Using considerable effort and great care, the drill was advanced a centimeter or less at a time, followed by cleaning and cooling of the drill flutes. Despite this caution, several drill bits broke during the procedure but were easily removed. A high-speed burr offers an alternative technique for creating the canal.

After the canal was opened, standard intramedullary cutting reamers were used to expand the canal to accommodate the intramedullary nail. This procedure presumably could be used in any patient without a patent marrow canal who requires intramedullary nailing. In the patients in the present case series, this procedure took an average of 2 to 4 hours longer than a standard intramedullary nailing, although no significant increase in blood loss was noted.

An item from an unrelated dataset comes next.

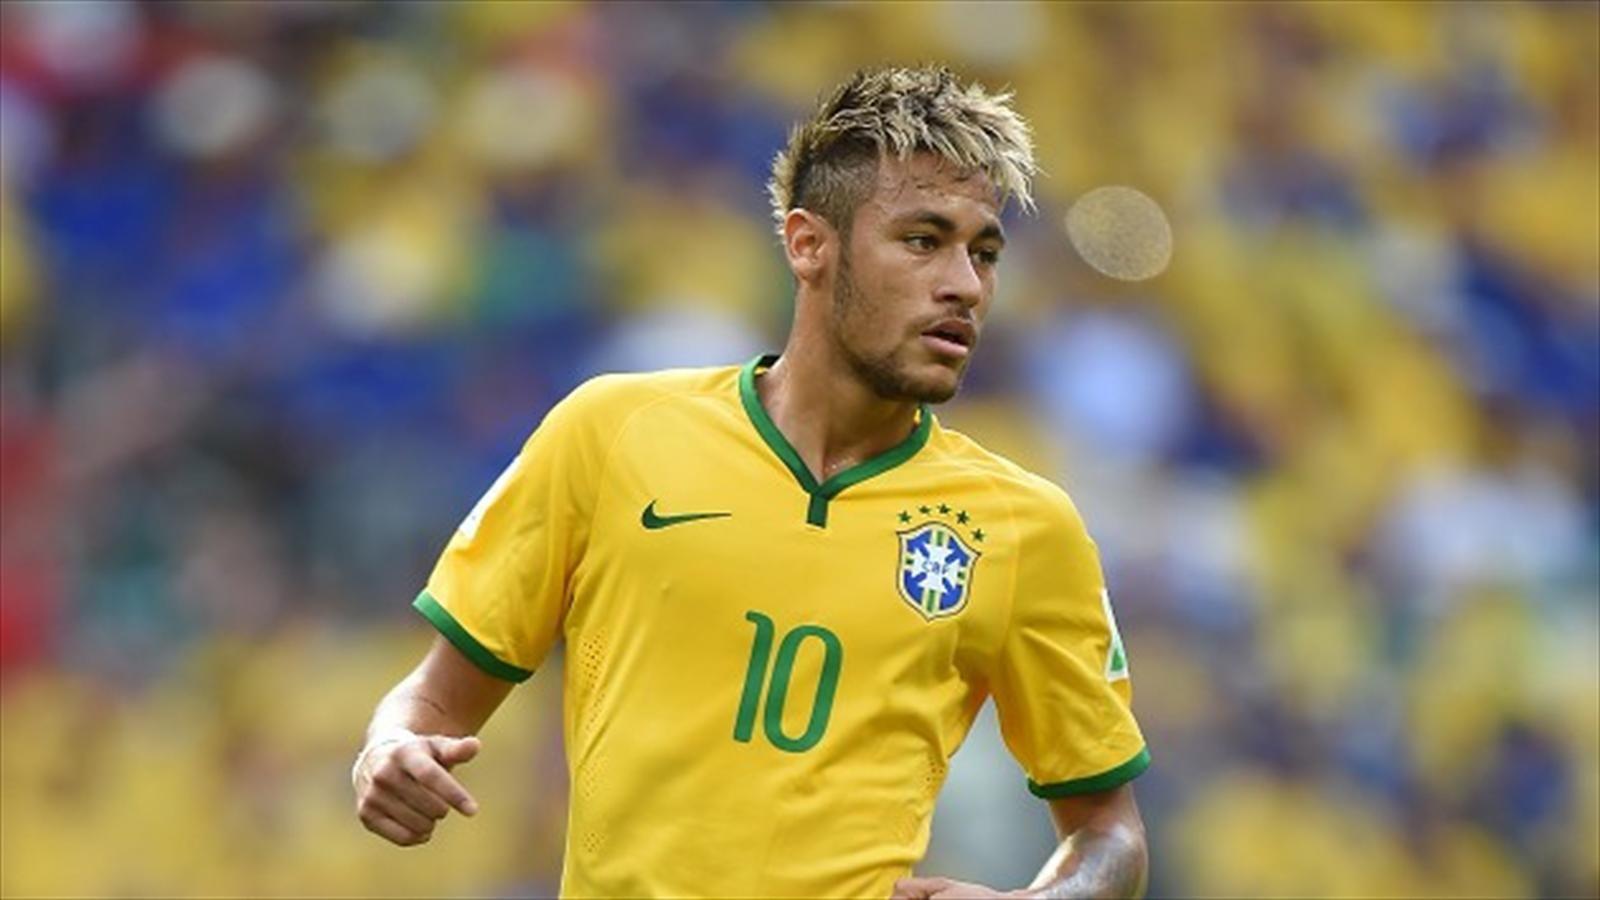 Neymar Brazil Wallpapers - Top Free Neymar Brazil Backgrounds -  WallpaperAccess
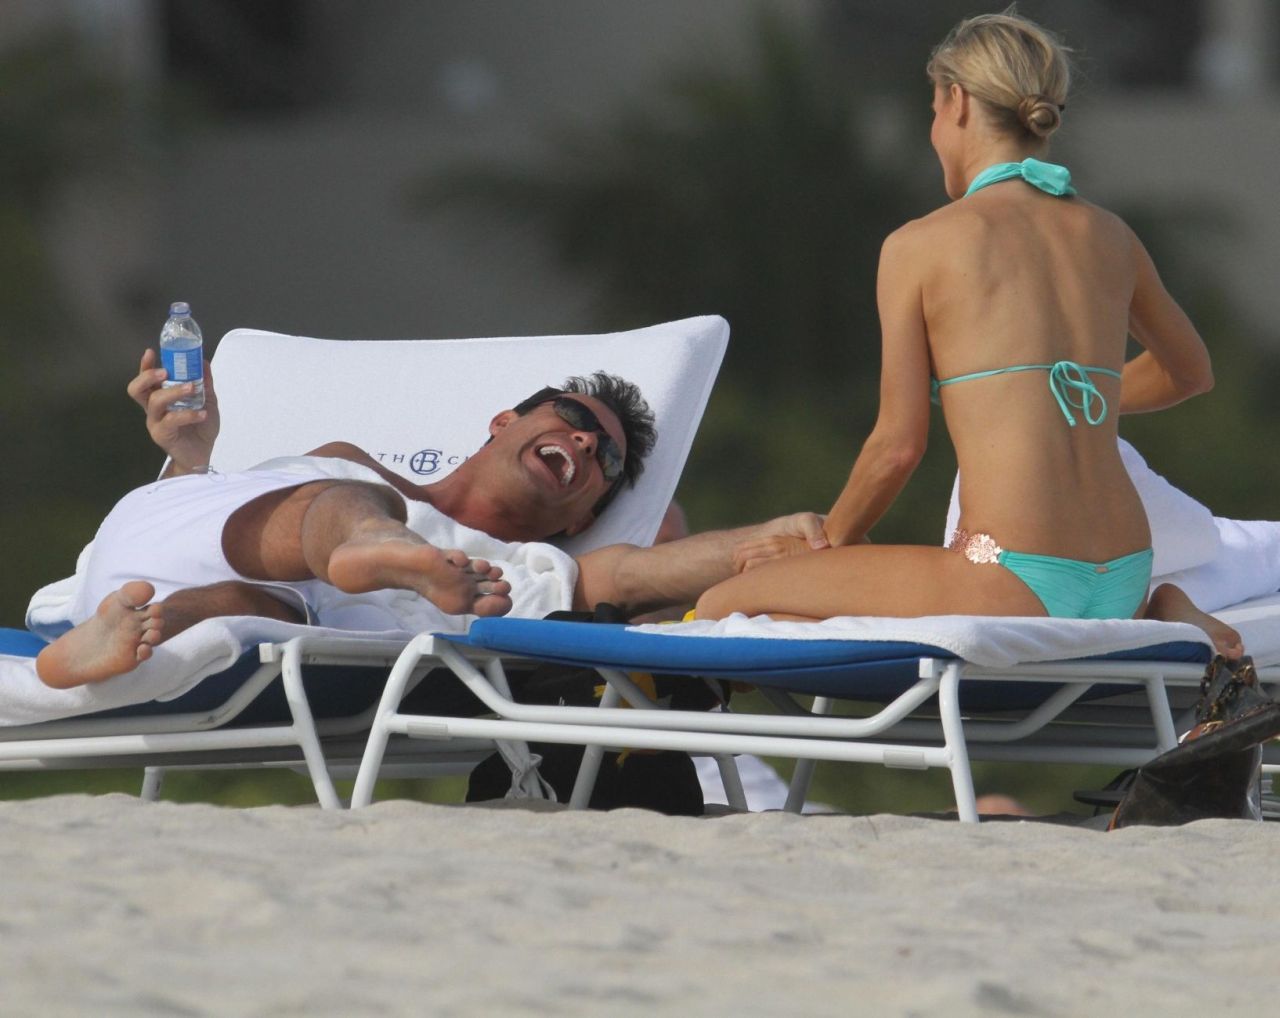 Joanna Krupa - polska modelka w bikini na plaży w Miami

Osteopetrosis introduces technical limitations to the traditional treatment of femoral fracture management that may be minimized with specific preoperative planning. Patience and caution are required when drilling, reaming, or inserting implants in patients with osteopetrosis. This same caution must be exercised throughout the postoperative course when these patients are at greatest risk for device failure or further injury.

Further molecular work, such as the mapping of the recently localized AlbersSchoenberg gene." will result in new insights into the regulation of osteoclast function and the development of a genebased therapy for osteopetrosis. Meanwhile, recognizing and addressing the demands inherent in treating osteopetrotic femoral fractures will facilitate fracture union with a hopeful return to preinjury function.